Mexico City - More than 40 percent of Mexicans say they feel less secure since the start of a government crackdown on the drug trade, according to a poll published Friday.

Only 25 percent of Mexicans polled say they feel safer since President Felipe Calderon sent more than 20,000 troops to battle drug cartels nationwide, the newspaper El Universal reported. Another 27 percent say they feel the same level of security.

Still, half of all respondents say they believe the country will be safer in the next three years if the government continues the battle.

Violence has soared since the army and federal police stepped up attacks on the drug trade nearly two years ago.

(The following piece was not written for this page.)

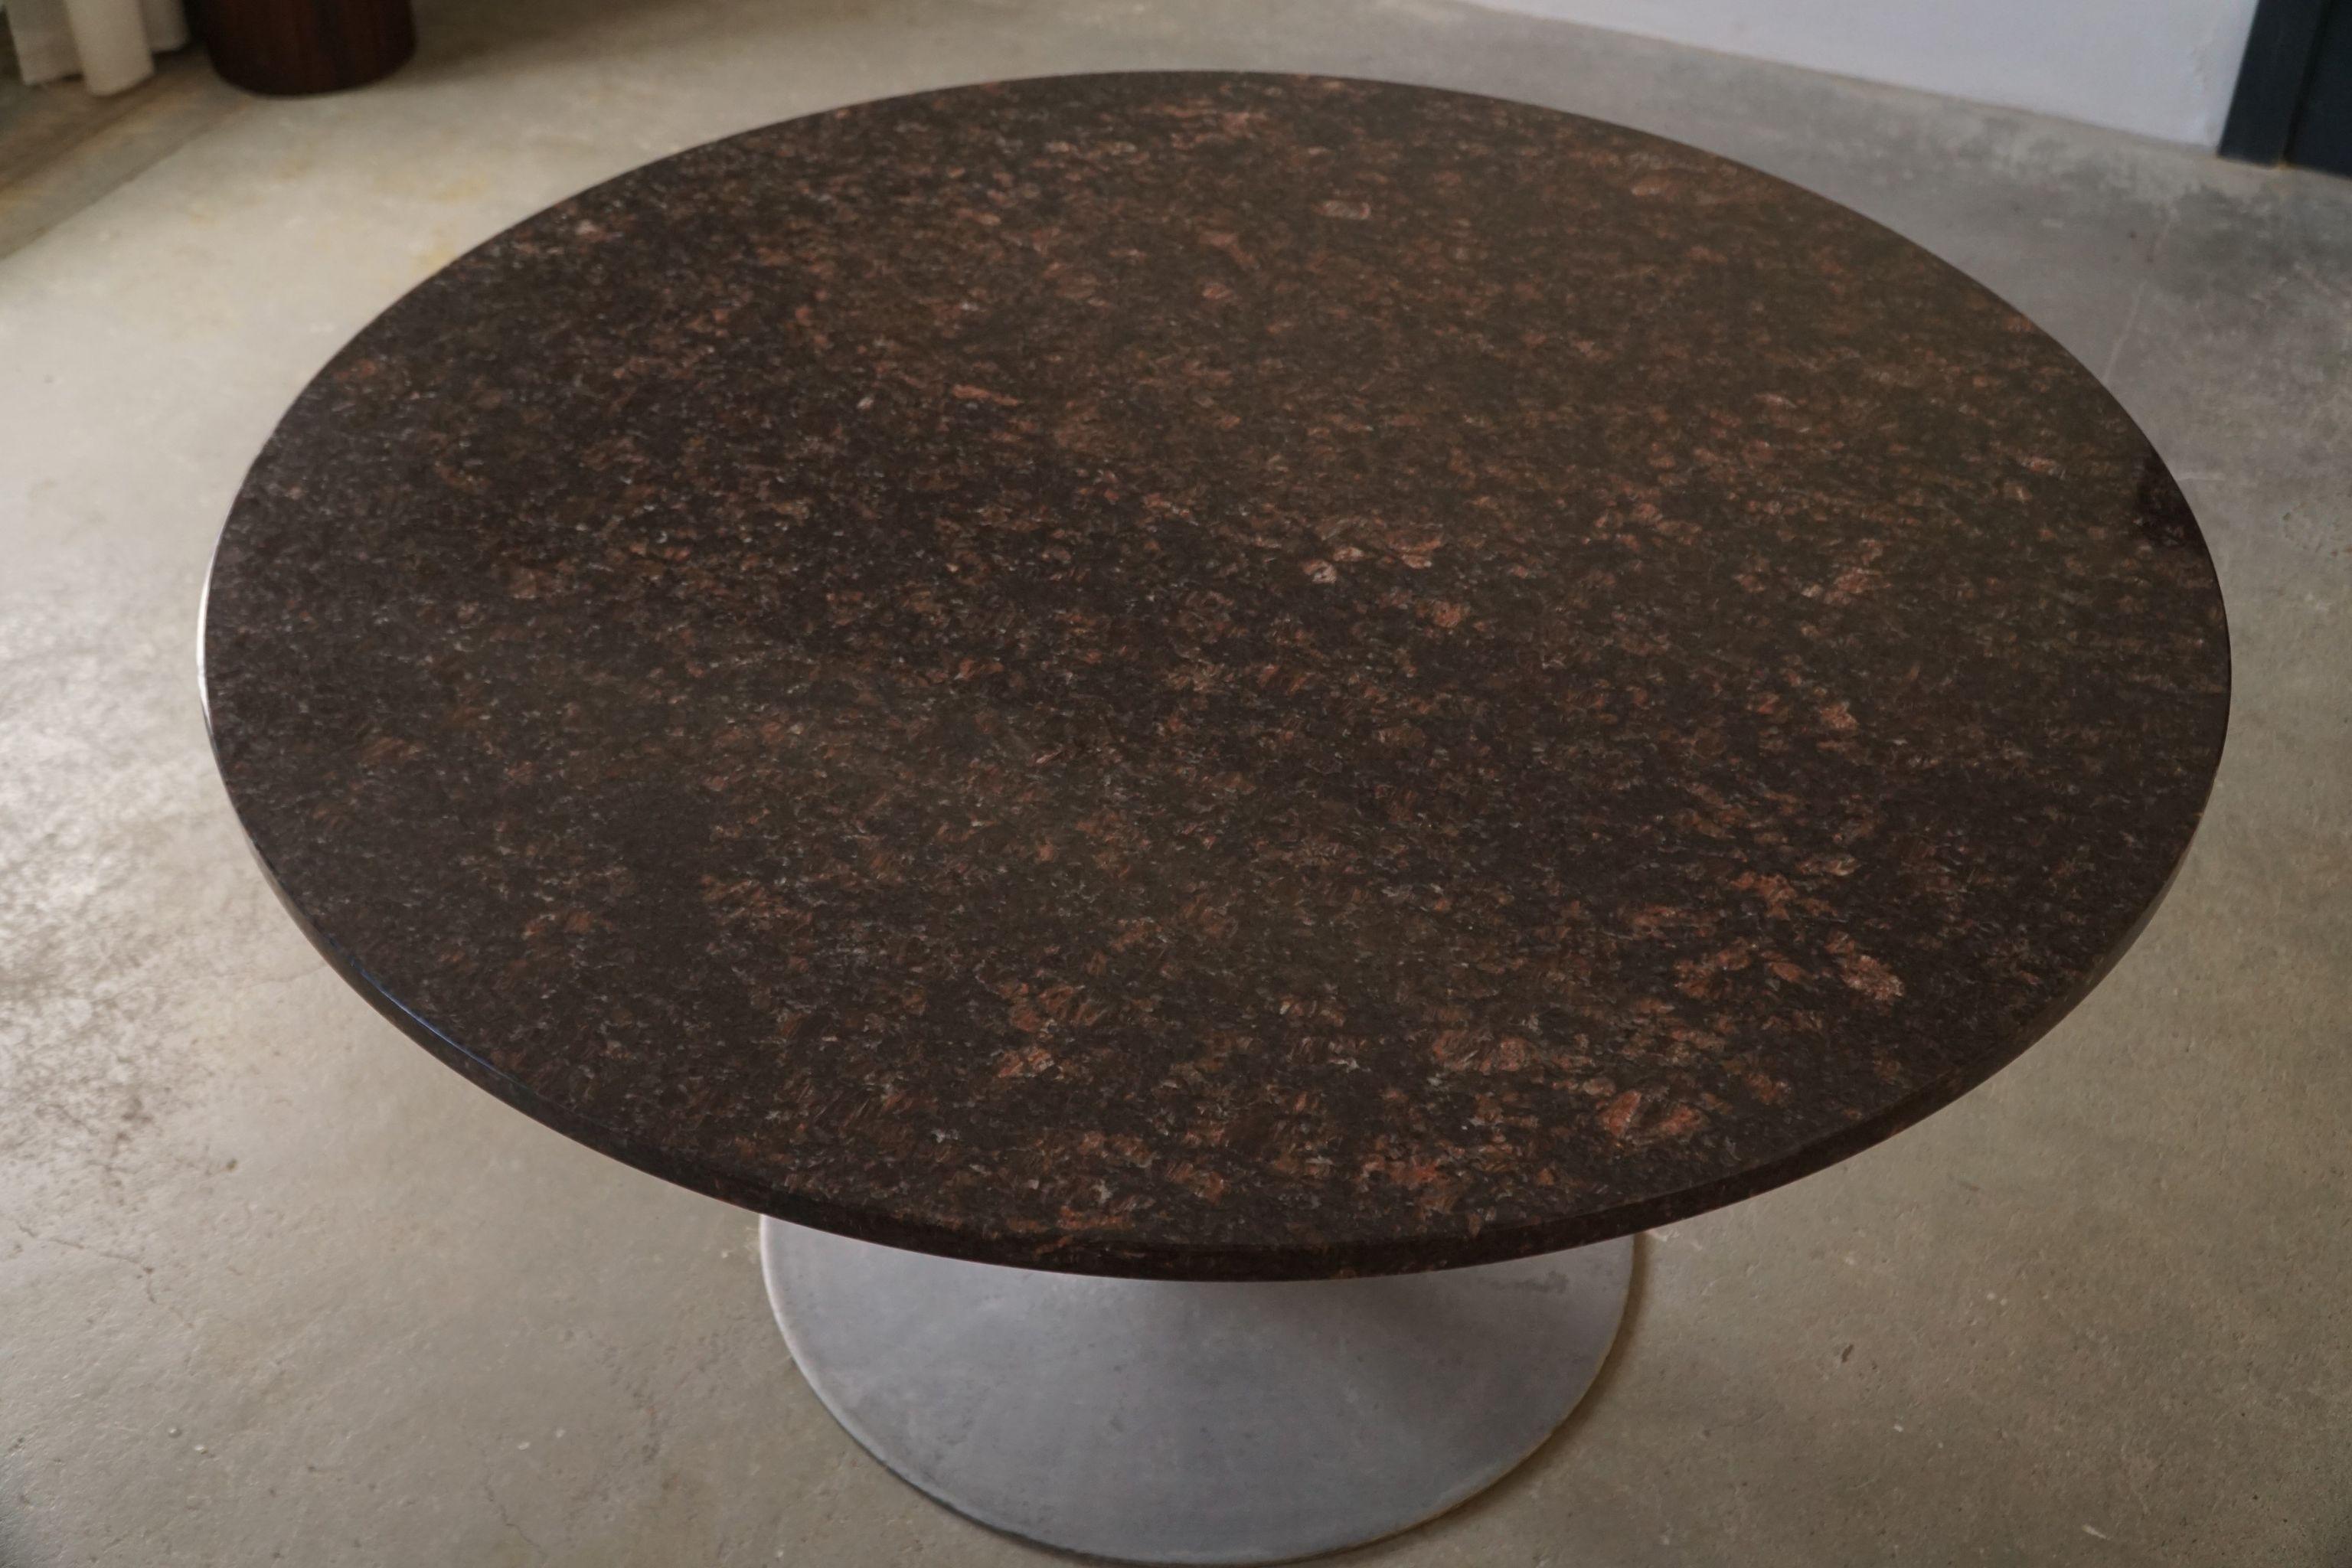 Brutalist Mid-Century Modern, Round Dining Table in Granite, Tulip Style, Made in 1970s

On Friday, an official at the Baja California state prosecutor's office said five bodies were found dumped in an empty lot and two others were found decapitated two blocks from the Tijuana offices for Mexico's ruling National Action Party. The official was not authorized to give her name.

Nearly 40 people have been killed in drug-related violence in the past week in the border city, bringing the total so far this year to more than 400 dead.

State prosecutor Rommel Moreno has blamed the violence on warring leaders within the city's Arellano Felix drug gang.

Asked what they believed was driving the violence, 40 percent of those polled said it was a sign that organized crime had overtaken the government, 35 percent said it was a reaction to the crackdown and 21 percent believed it was drug cartels fighting for territory.

The poll by Buendia & Laredo had a margin of error of 3.5 percentage points and quizzed 999 adults Sept. 26-29.